Али Хасана, заместителя администратора лагеря, мы нашли в маленьком брезентовом закутке, где он совещался с врачами из ливанского Красного Креста — Хода Ханани и Абида Кусом.

— В нашем лагере, — говорит Али Хасан, — уже размещено около полутора тысяч человек. Почти семьдесят процентов — дети. А беженцы все прибывают. Семьи нужно обеспечить палатками, матрацами, одеялами. Надо организовать питание. А людей в моем распоряжении мало. Три врача, санитар и еще несколько добровольных помощников. Главная проблема в том, что многие беженцы, спасаясь от израильских захватчиков, не смогли ничего захватить из домашнего имущества. Но разве можно упрекать их за это? Им надо помочь.

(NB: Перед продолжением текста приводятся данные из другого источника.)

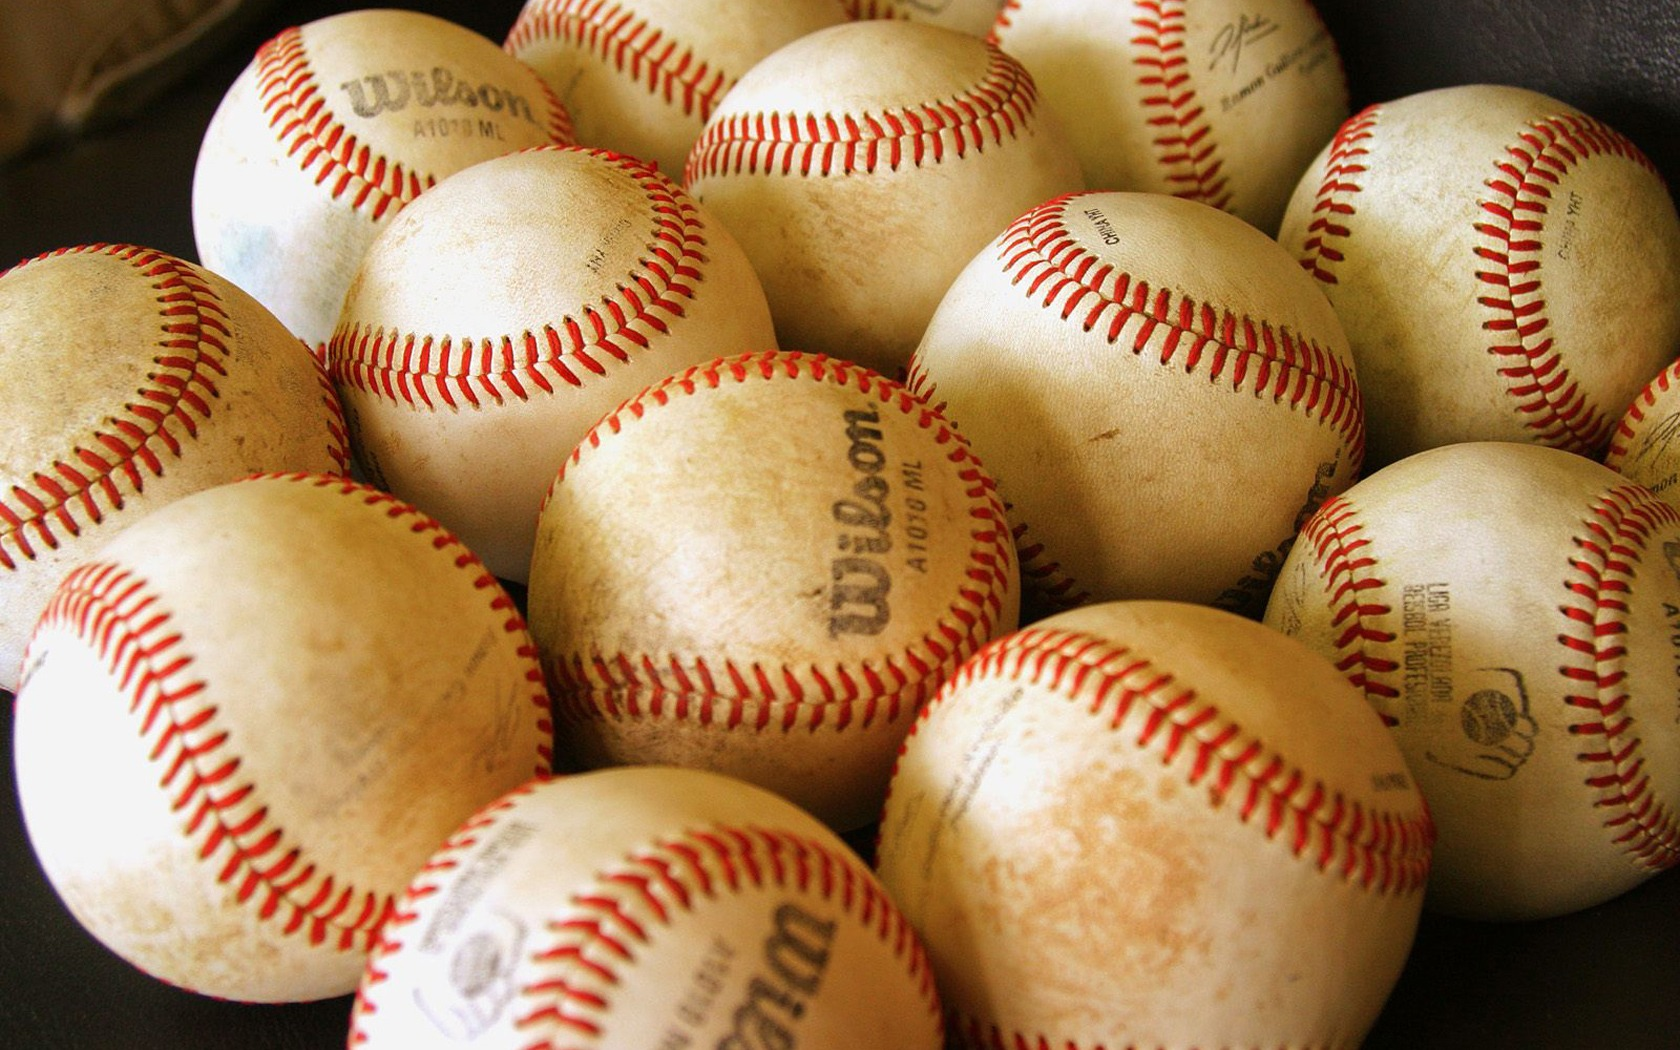 baseball desktop backgrounds baseball desktop backgrounds 1680x1050

...Эта женщина — Хадиджа Мураб — сидела у входа в административную палатку. На вид ей было около пятидесяти. В одной руке она сжимала желтый целлофановый пакет, в другой держала пестрый носовой платок, который все время подносила к глазам; Рядом худенькие дети с осунувшимися мордашками, на которые настороженно поблескивали чей ные глазенки. Четыре мальчика и три девочки.

— Откуда вы?

— Из деревни Ханин, — ответила Хадиджа Мураб и, вытирая платком слезы, рассказала о том, что произошло в ее селении: — Ночью в нашу деревню ворвались израильские солдаты. Вламывались в дома, все переворачивали вверх дном. Кричали: «Где оружие?!» Моего мужа Хусейна, меня и детей полураздетыми выгнали на улицу. Потом поставили к стене дома и стали стрелять из автомата поверх голов. Муж бросился к офицеру, но один из солдат ударил его по голове прикладом. Хусейн упал. Солдаты били мужа ногами, дети плакали. С земли он больше не поднялся. Солдаты избили старосту деревни и изнасиловали нескольких наших девушек. Когда трое парней попытались помешать этому, их застрелили. В этой суматохе я потеряла старшую дочь.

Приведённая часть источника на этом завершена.